Contour-time approach to the Bose-Hubbard model in the strong coupling regime: Studying two-point spatio-temporal correlations at the Hartree-Fock-Bogoliubov level

TL;DR

This paper introduces a contour-time formalism for analyzing space-time correlations in the Bose-Hubbard model, applicable to both equilibrium and non-equilibrium states, and compares its accuracy with existing methods.

Contribution

It develops a two-particle irreducible effective action within the contour-time framework for the Bose-Hubbard model, enabling study of correlations in and out of equilibrium.

Findings

Formalism accurately reproduces known results in equilibrium.

Provides a new tool for studying out-of-equilibrium dynamics.

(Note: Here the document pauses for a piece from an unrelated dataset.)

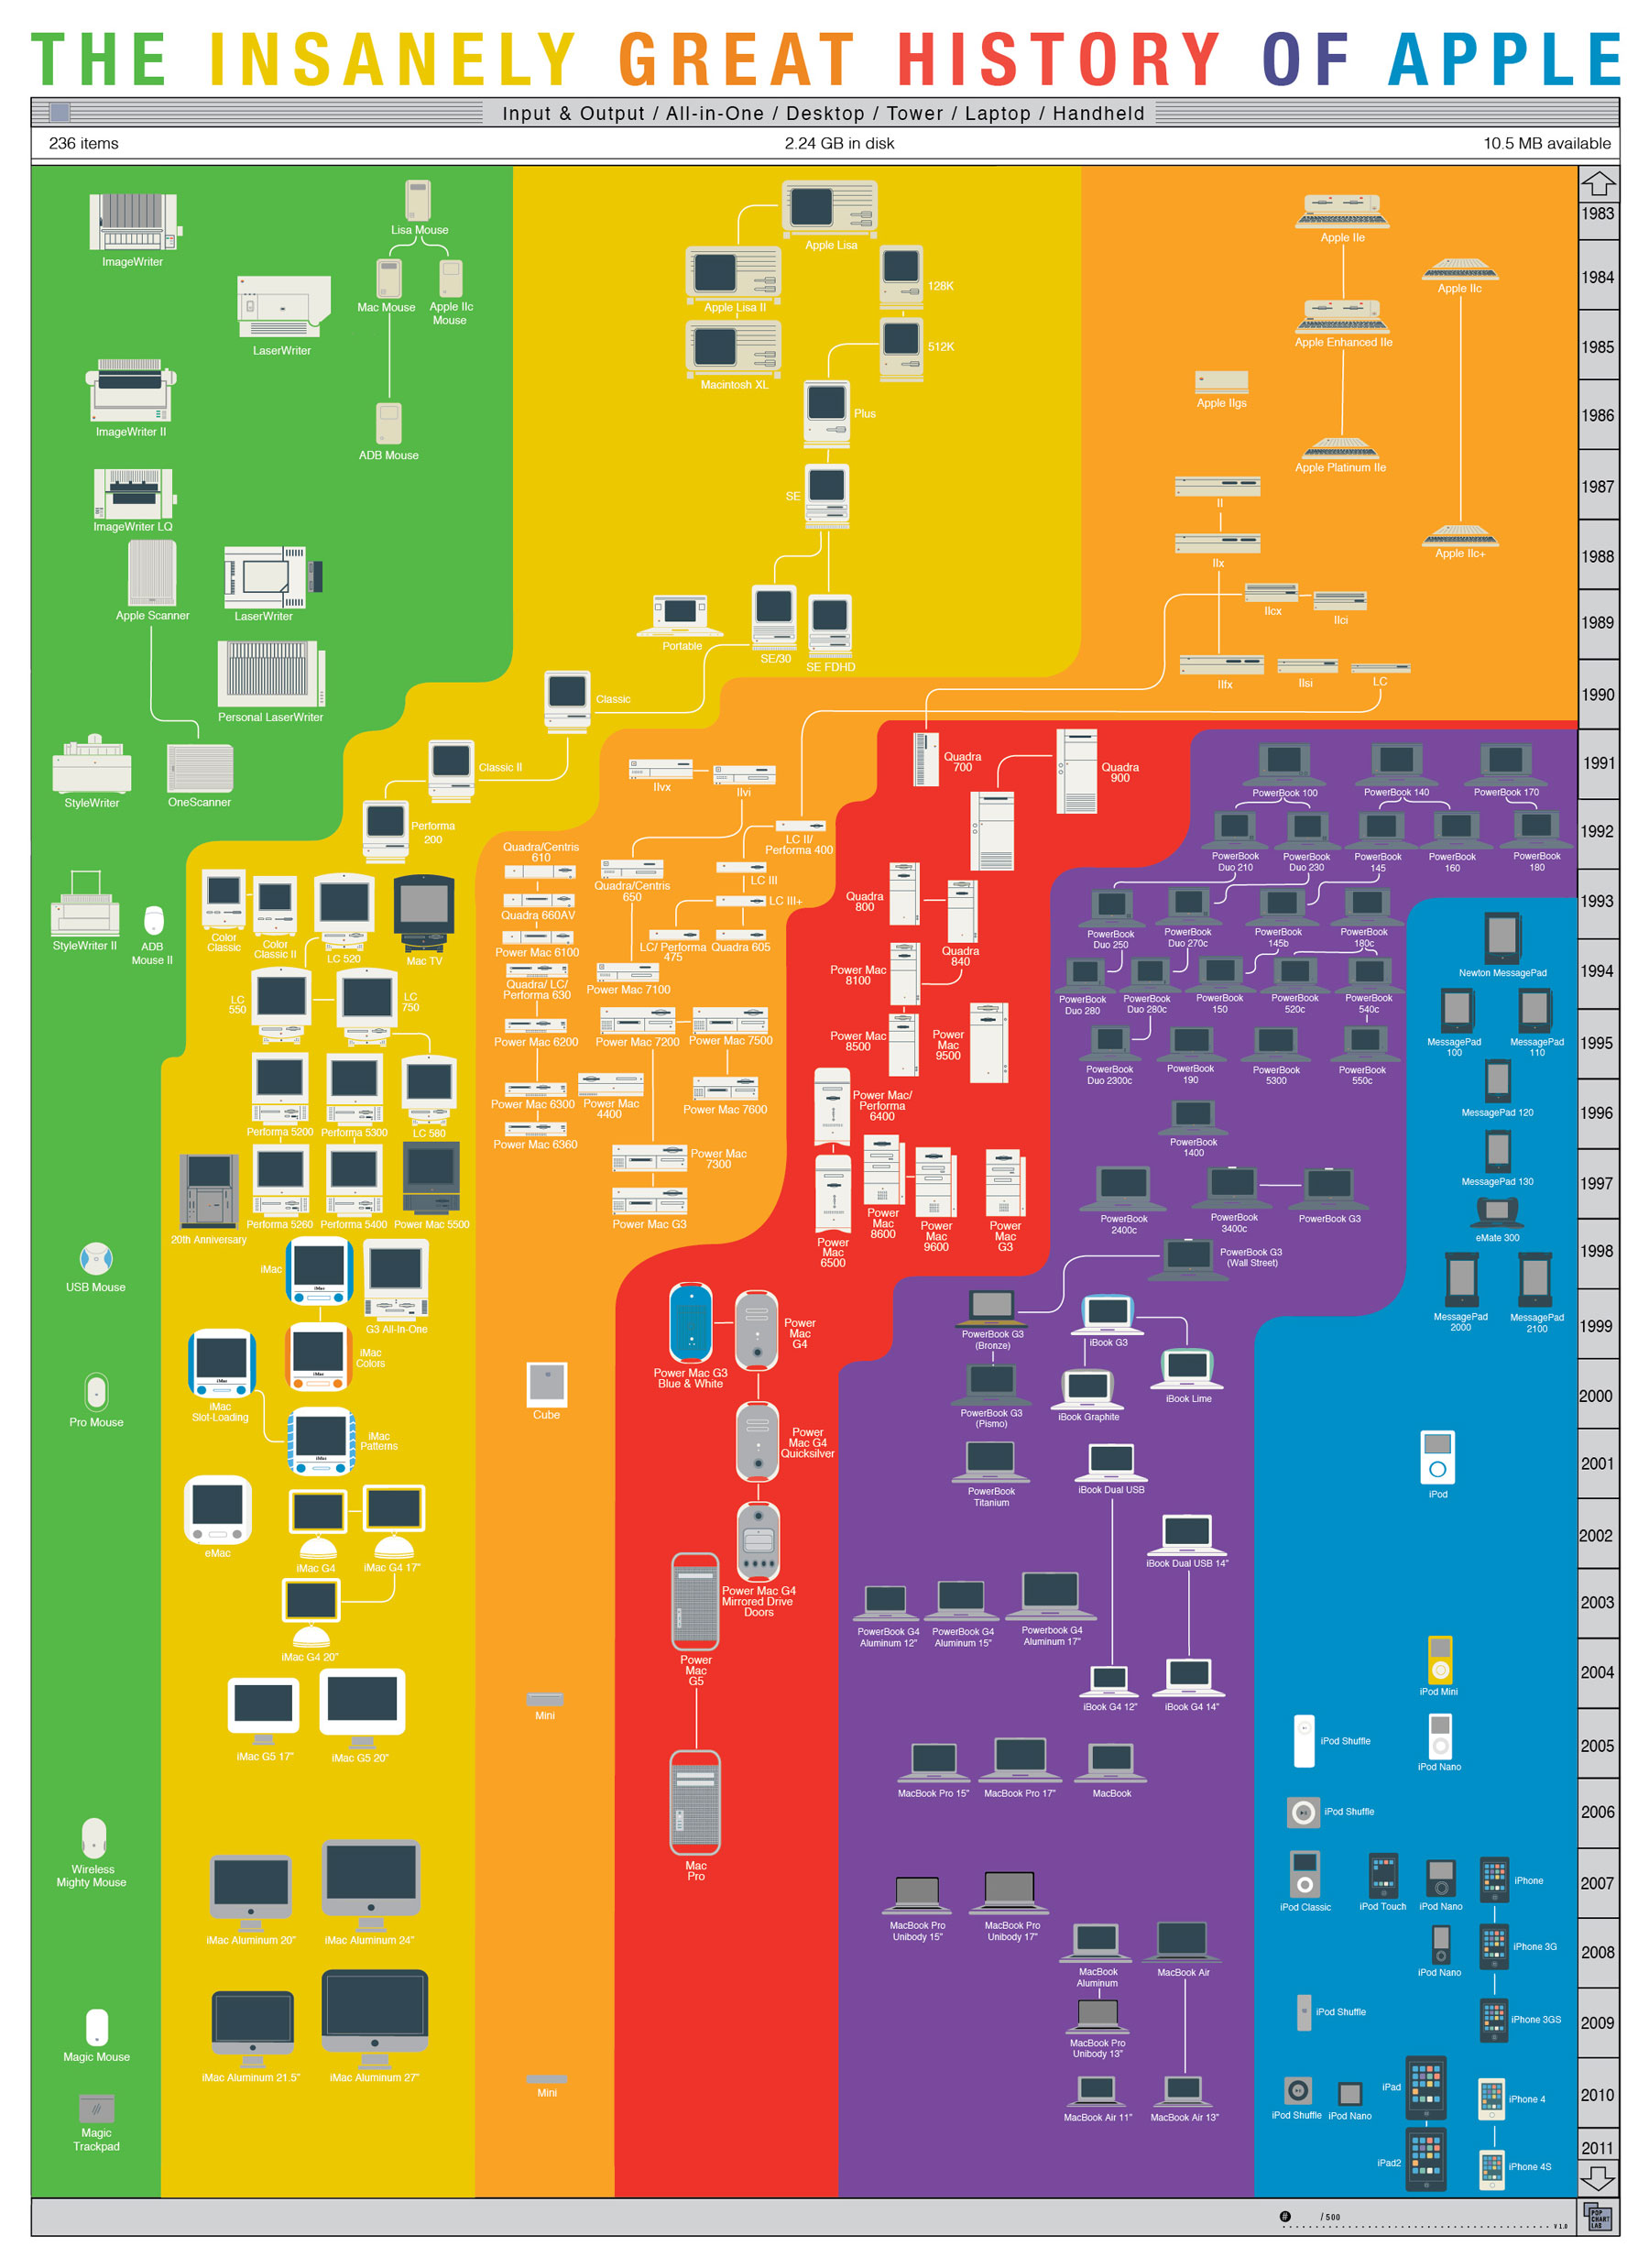 The Insanely Great History of Apple [INFOGRAPHIC]
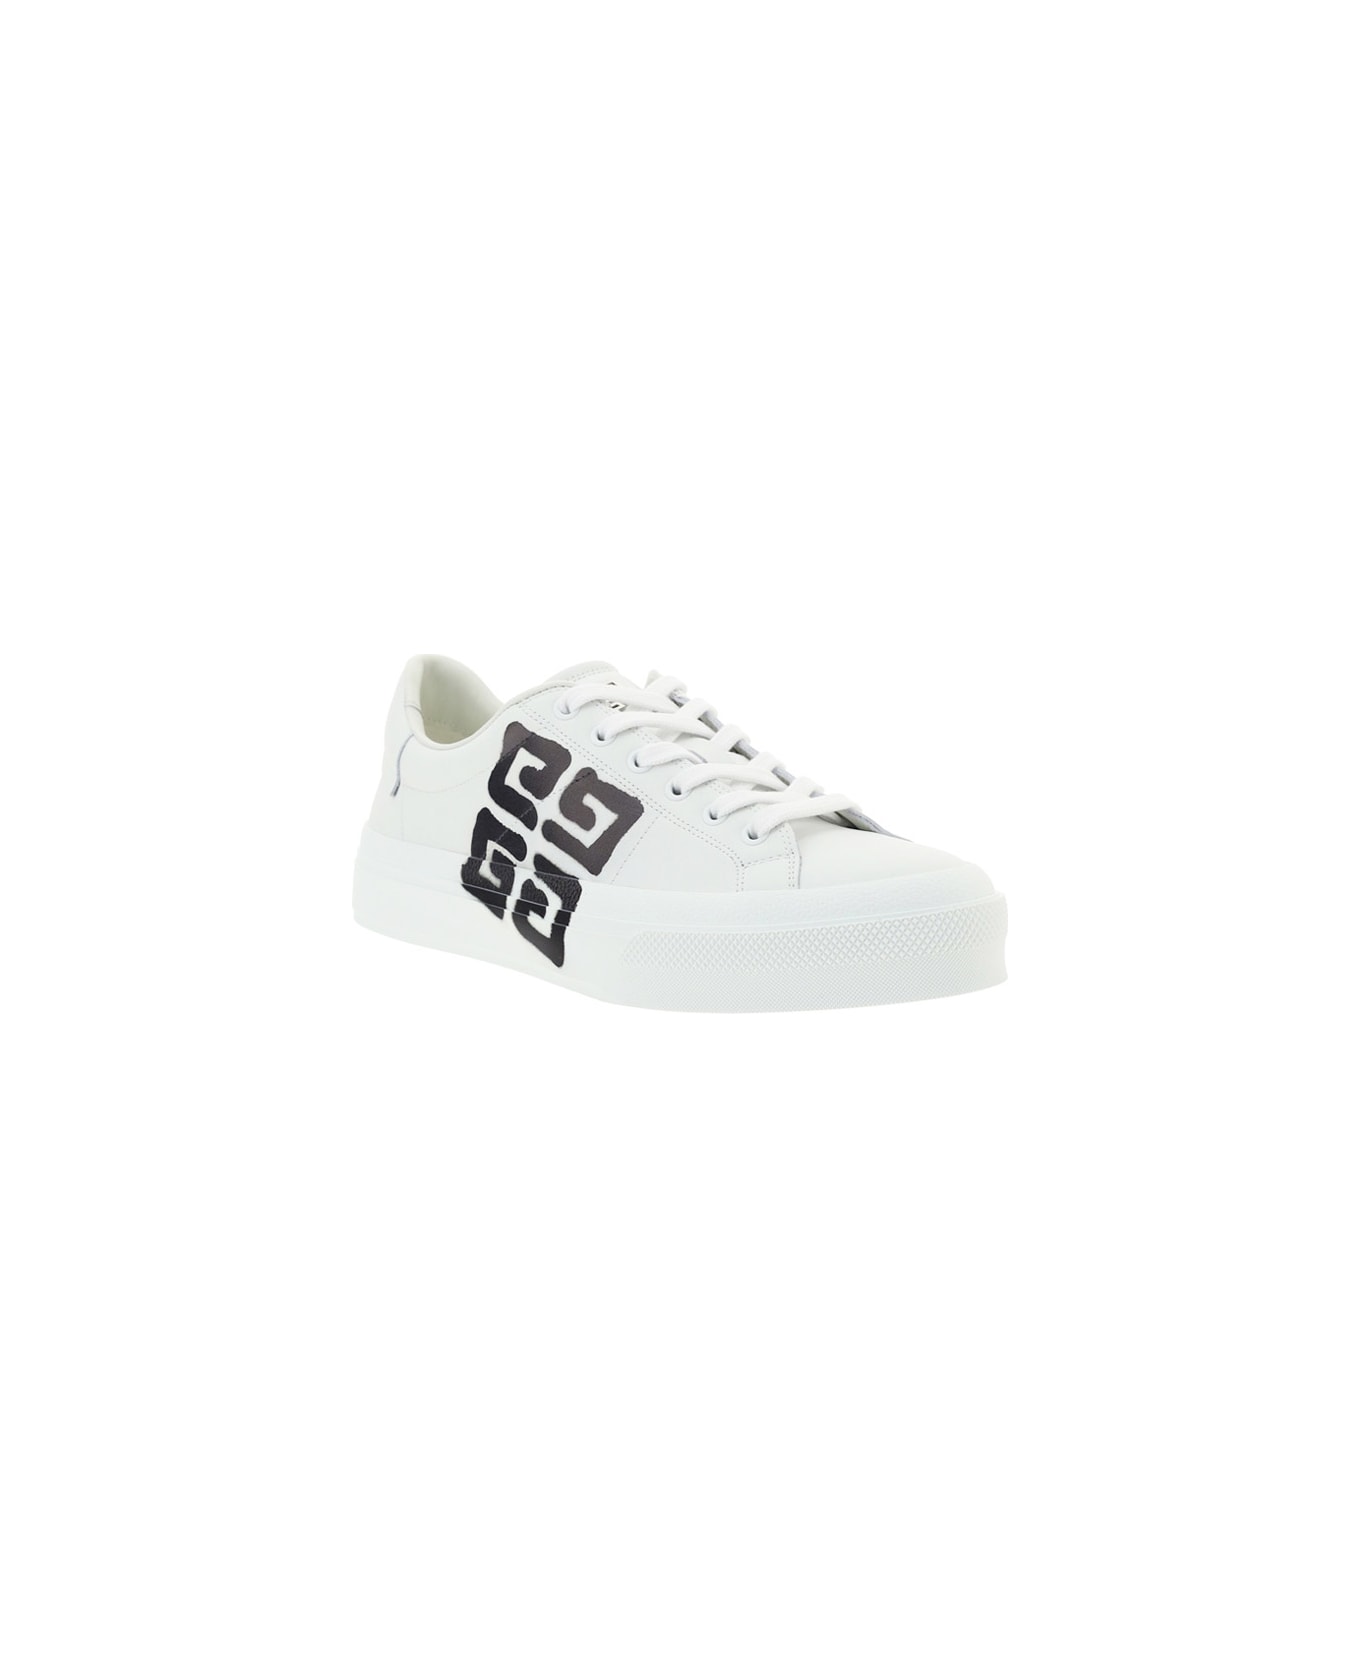 Givenchy Sneakers - White/black スニーカー

Shows good agreement with existing strong coupling methods.

Abstract

We develop a formalism that allows the study of correlations in space and time in both the superfluid and Mott insulating phases of the Bose-Hubbard Model. Specifically, we obtain a two particle irreducible effective action within the contour-time formalism that allows for both equilibrium and out of equilibrium phenomena. We derive equations of motion for both the superfluid order parameter and two-point correlation functions. To assess the accuracy of this formalism, we study the equilibrium solution of the equations of motion and compare our results to existing strong coupling methods as well as exact methods where possible. We discuss applications of this formalism to out of equilibrium situations.